For convention throughout the article, anything I ask you to type in at the keyboard will be enclosed in <> brackets, so <Text><return> would mean type in the word "Text" and then press the return key. Similarly, <Alt-169> would mean hold down the Alt key, type in the numerals 169 (on the numeric keypad) and then release the Alt key.

Preparation

For the sake of this exercise, I will assume that you have either received the 'foreign' text on floppy disc or already imported it into your computer via a serial link or through a modem. At the end of the day, you will want to have the text converted to Acorn-speak and displayed by your WP or DTP application. So, for starters, load Edit and the WP/DTP package onto the iconbar.

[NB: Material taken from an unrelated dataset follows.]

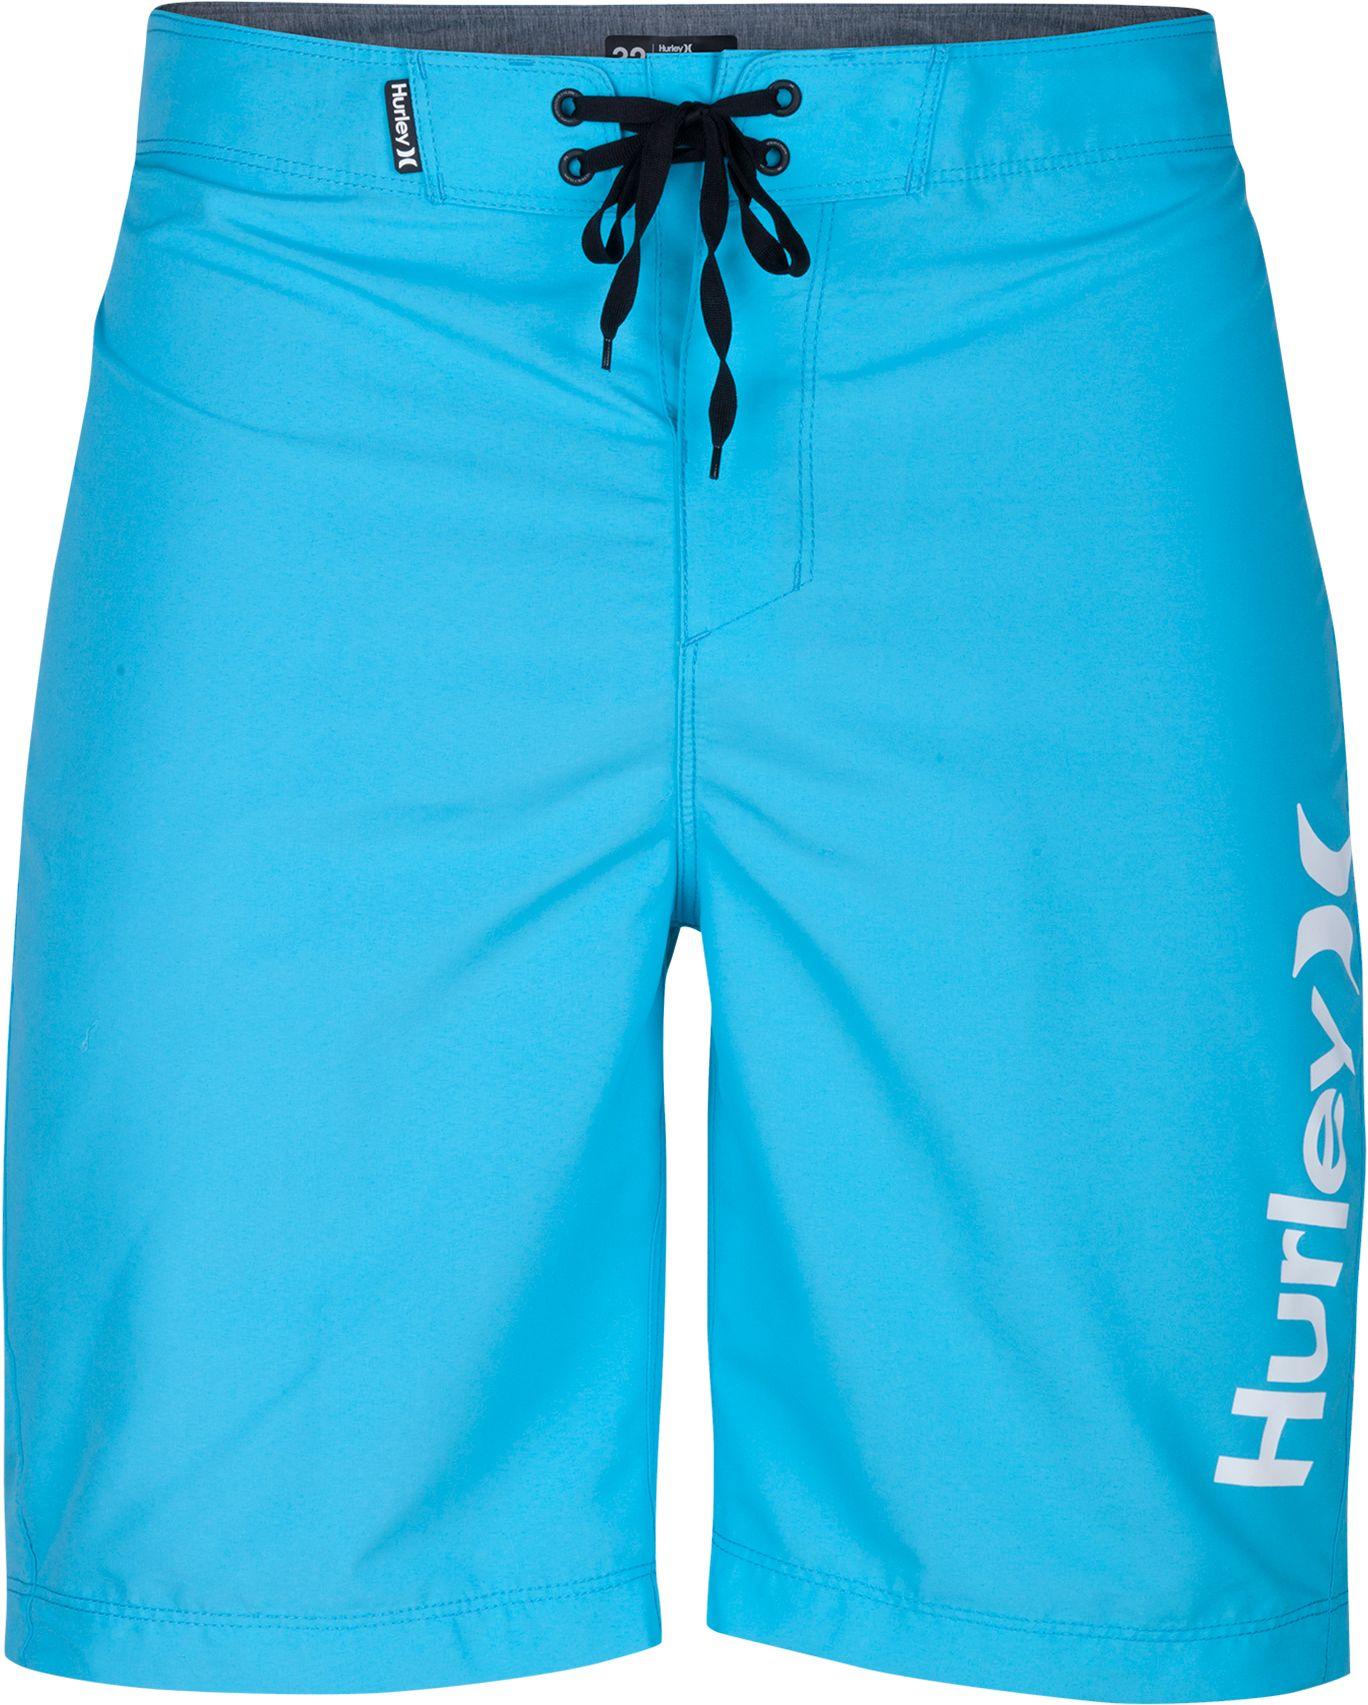 board shorts noimagefound ??? lttezvr

My first and most important bit of advice is that you should make at least one back-up copy of what you receive. Having learnt the hard way, I always make two copies on different storage media as a matter of course, one as a working copy and - most importantly - one I can still get at should the original be corrupted. (I still come out in a sweat when I remember the floppy that arrived from Saudi Arabia, two weeks late, with a cracked case and a mangled metal slider - arrghh!)

When you have the text file copied onto your hard disc or whatever, you may well find the icon above the filename will represent a PC.

This is because the filetype has been set to the PC disc operating system - DOS. Some applications (e.g. Impression Publisher) will not accept such files so, initially, it is necessary to convert their filetype to Text. I always convert the files as a matter of course because I prefer to see Acorn-style icons on the desktop!

To do this, click <menu> over the file icon and follow through the Filer-File-Set type sub-menus. Delete "DOS" in the dialogue box and type in <Text><return>.

The file icon will change to the more familiar Text style and double-clicking on it will load the file into Edit as normal. If you will be processing multiple files, you can change their filetype at one go by selecting them all and, this time, stepping through the Filer-Selection-Set type sub-menus.

Importing ASCII text

The most common and straightforward situation is when you need to import some text which has been sent in the standard, ASCII format, so let's have a look at a practical example of that. On the monthly disc is the file Example1 which we can use so, for the moment, drop the file icon onto whichever WP or DTP package you have loaded on the iconbar.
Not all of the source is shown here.